I don’t believe in coincidence. Nothing happens by chance. If you look back at key moments in your life and think ‘Wow! I’m so glad this person appeared just then’, well just accept that that person was meant to be there. And if he hadn’t appeared, someone else would have, to give you the same opportunities you were always meant to have.
Many people have proven pivotal for me in these last few years. Right now as I type this, I am sitting in my new home in Penang. I moved here just a few weeks ago and this really isn’t my home as such: it belongs to a friend who has gone overseas for work and rather than let the place sit empty, he’s let me live in it.
I can also easily trace back the string of events and the people associated with them, that has led me here. So let’s work backwards.
This place belongs to Newton whom I met when he was a partner at Pedal Inn in Georgetown and I stayed there for a few weeks while doing my Senyum Sajalah Exhibition. I did Senyum Sajalah because my friend Clifford was involved with the Camera Museum where it was held and he extended the invite to me. Clifford thought of me because I had taken some pictures of him and his wife. I was doing photography because of an idea my ex-client Louise Tan had planted in me while I was wandering around between focussed careers. She asked me to take pictures of her PR clients, I did and the idea of a company to do photography was born. That company is Chronicle People of which my friend Johann Annuar and I are partners. I met Johann because I needed advice on cycling through Malaysia and sought out my friend Joe Nathan who introduced us. The idea to cycle through Malaysia was because of Bill McDannell who walked across the US to petition against the wars in Iraq and Afghanistan. The ride was made possible because my friend Johari Low started the wheel turning by saying he’d support me and because my ex-colleague Andrew Wilson asked a very important question of me “In 5 years, would I be happy I’d done the ride, or regret not having done it?”. I was even cycling again because of my wife who reintroduced me to cycling after many years away from a bike.

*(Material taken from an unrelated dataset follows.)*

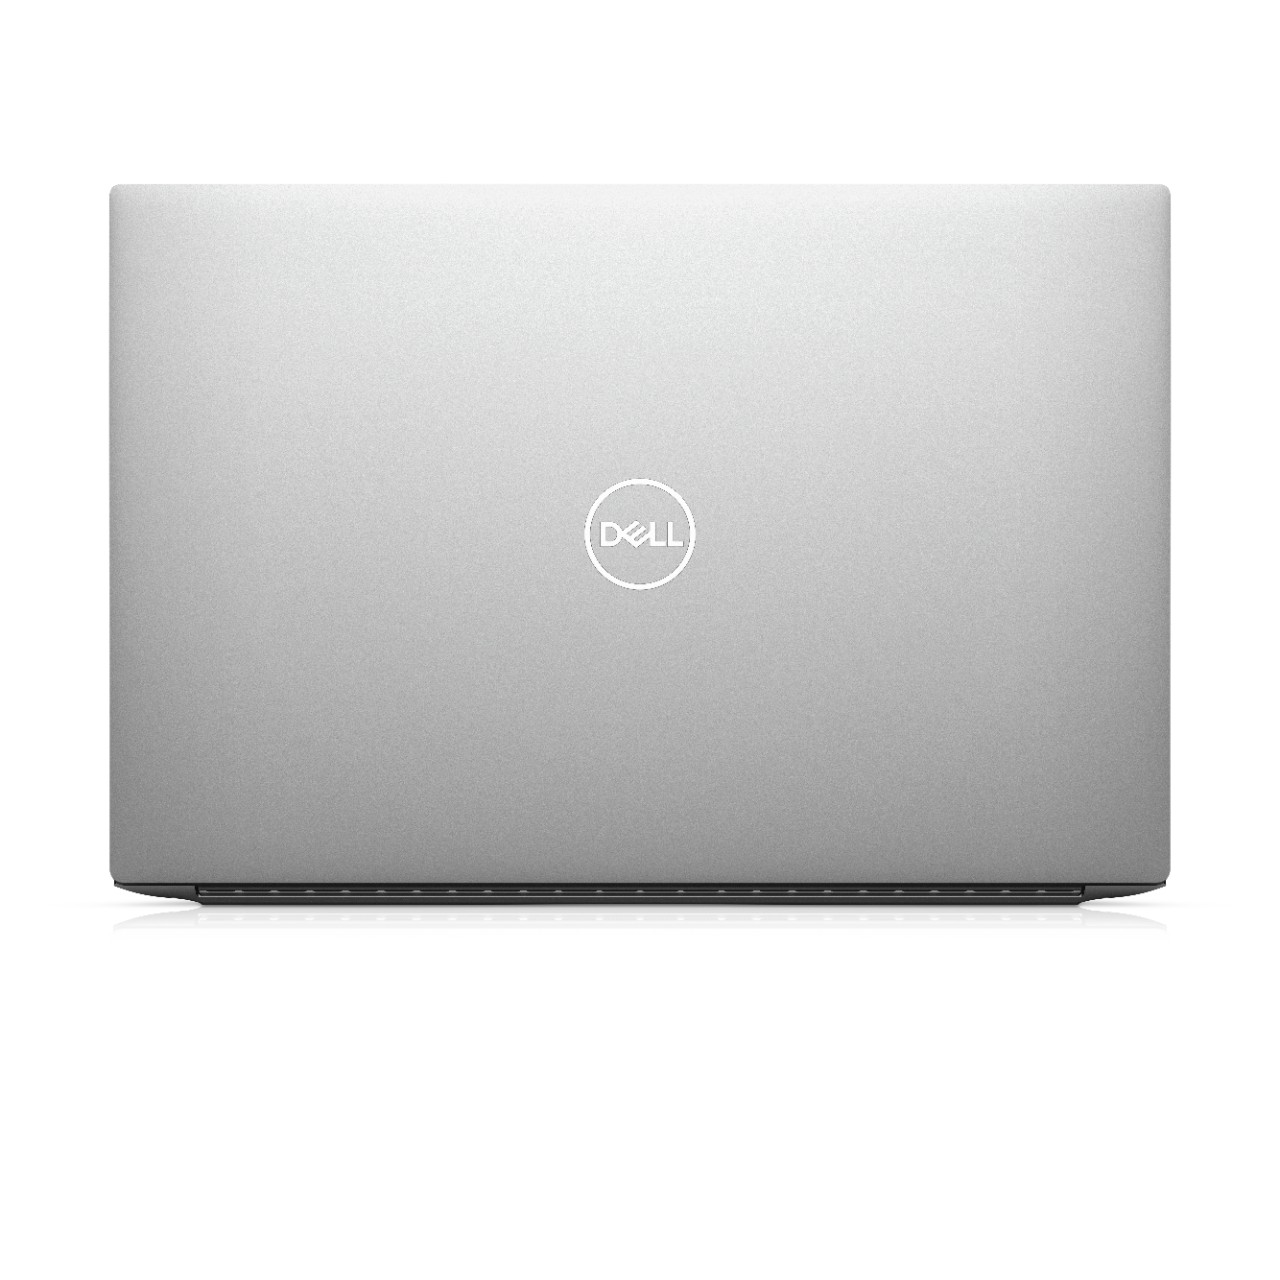 DELL XPS 15 (9500) Platinum Silver 15.6" InfinityEdge FHD+ AG IPS 500nit with Dolby Vision™ (Intel® Core™ i7-10750H, 16GB (2X8Gb) DDR4, 1TB M.2 PCIe NVMe SSD, NVIDIA GeForce GTX 1650Ti 4GB, WiFi6 2x2 + BT, TB3, 3Cell 56WHr, FPR, Backlit KB, Win10Pro, 2kg)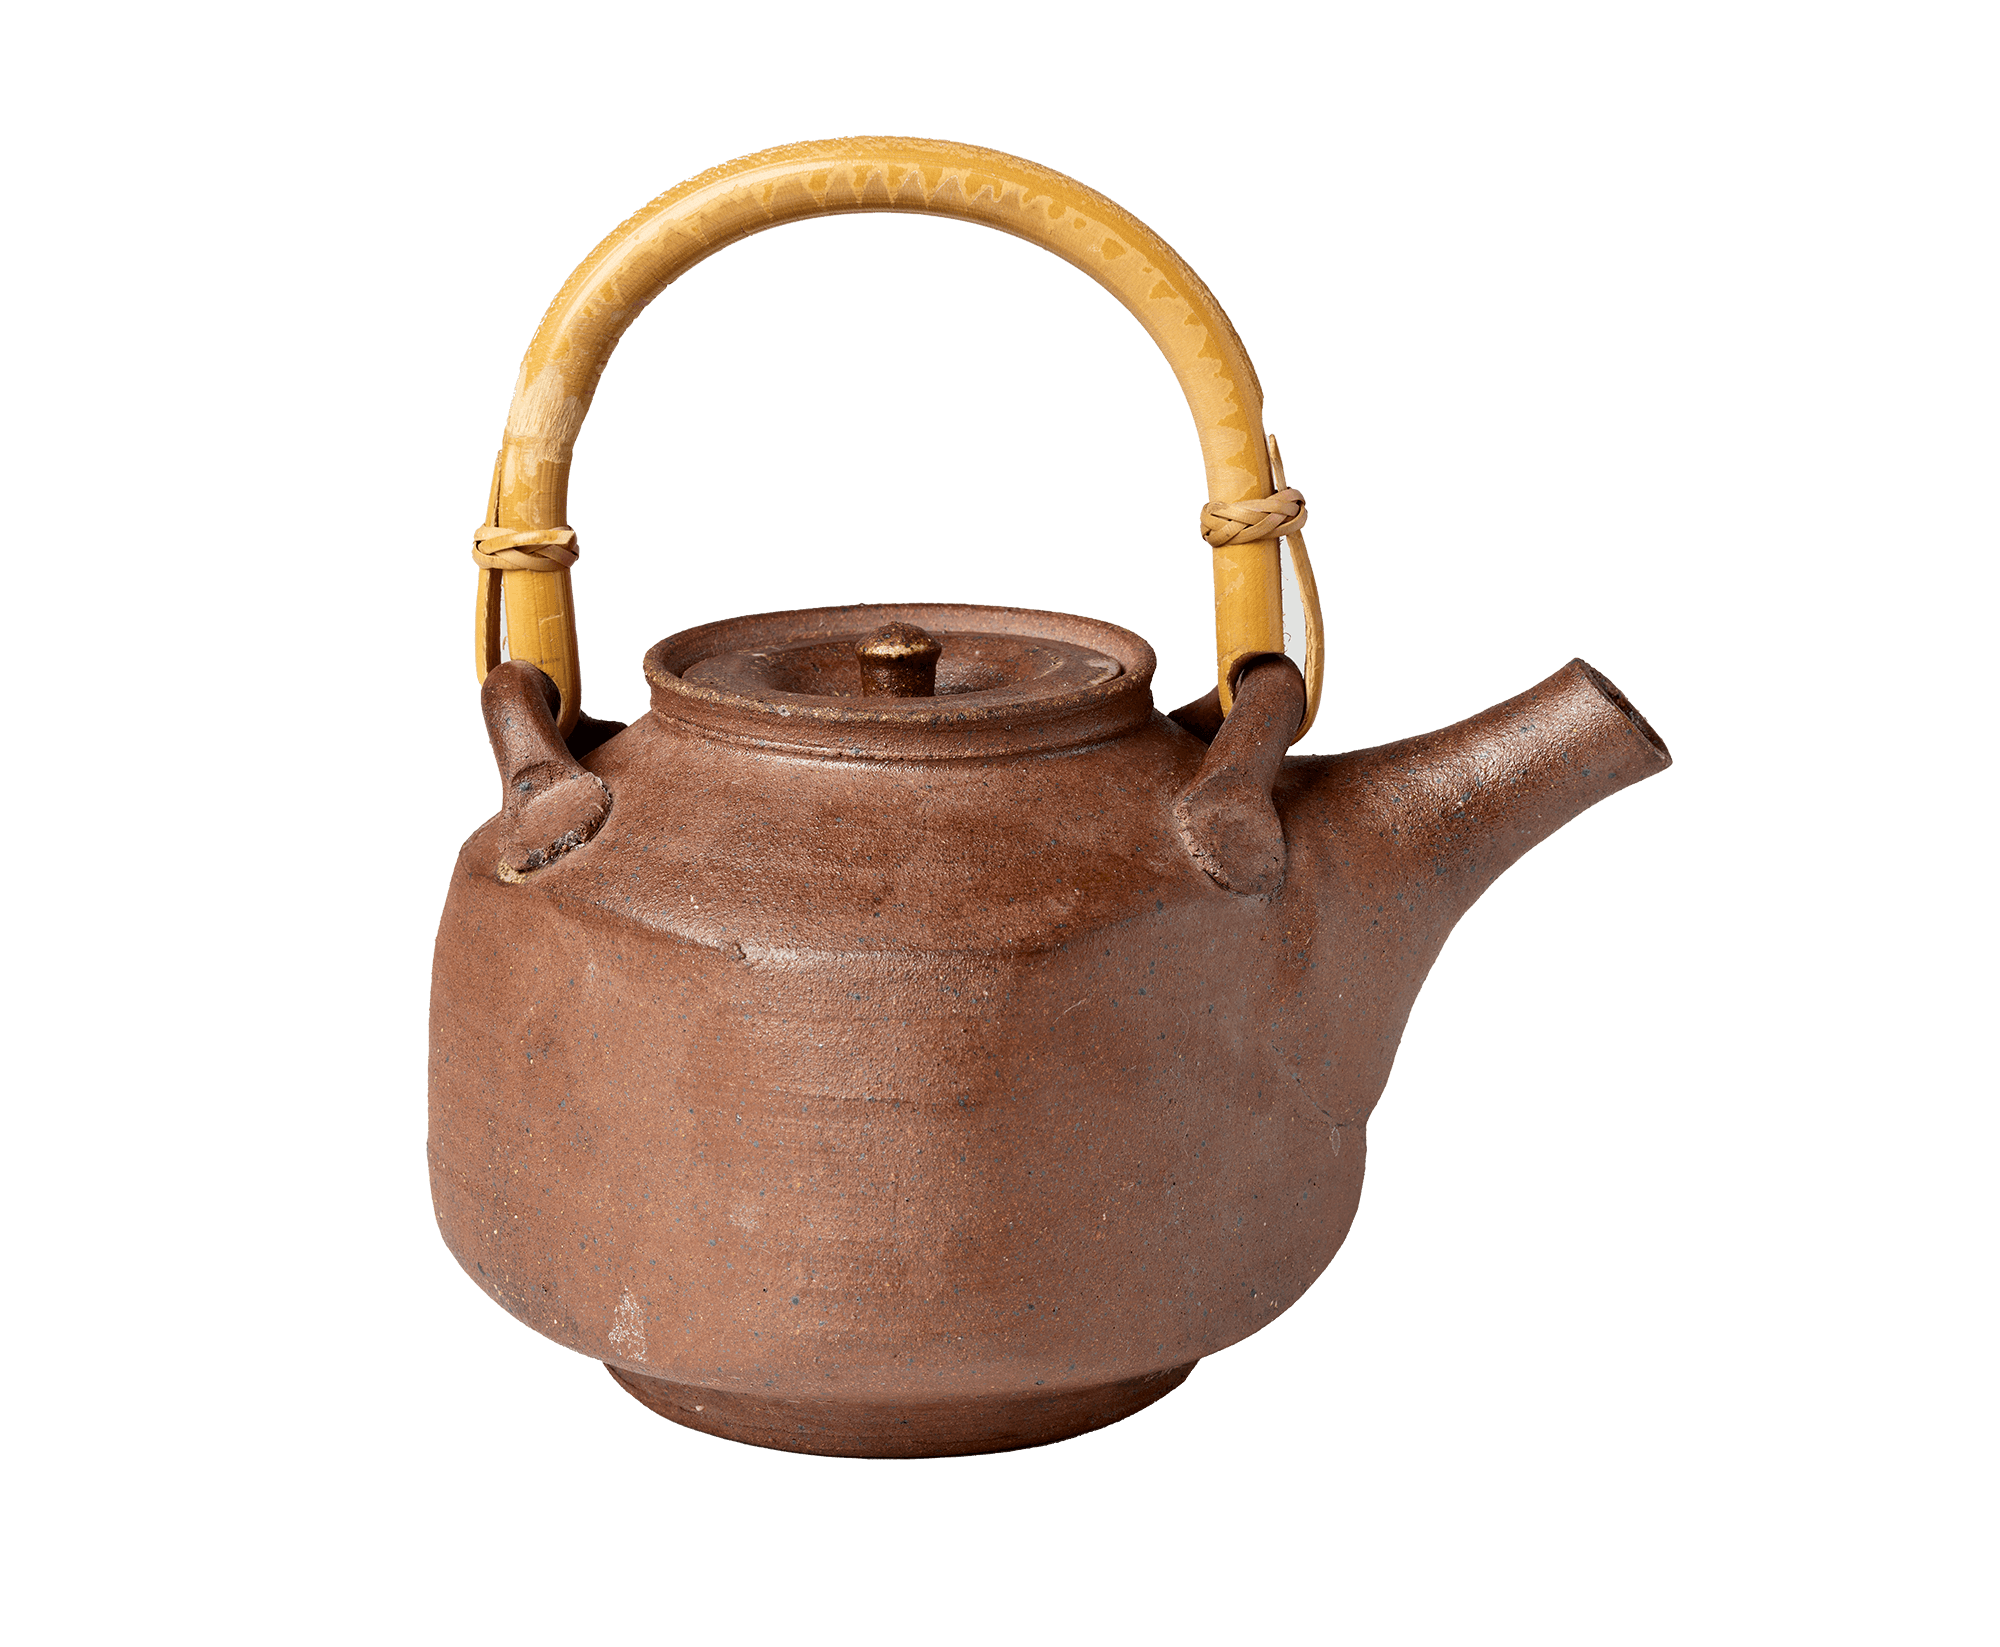 /Square-shaped%20brown%20teapot%20resting%20on%20circular%20foot.%20Rounded%20tan%20handle%20on%20top%20of%20teapot.

Each one of those links is no different from the links on a bicycle chain - if any one had broken, the entire sequence would have been altered.
"...ask yourself what each person means to you and how each person in your life makes your life different."
The thing is though, if any one link had broken, I do believe that some one else would have stepped in to bridge the gap.
If Louise had not asked me to shoot her clients, someone else may have asked me to shoot his family.
If Bill McDannell had not walked across the US, I might instead have read about Rory Stewart walking across Afghanistan.
And so on…
I believe that every single person in my life is there for a reason. And I believe it is the same for you too. It may sound predatory, selfish or self-centred but it really isn’t: so ask yourself what each person means to you and how each person in your life makes your life different.
Then ask yourself what you may mean to each person in your life and how you make that person’s life different. For of course, you are placed in that person’s life for a reason too.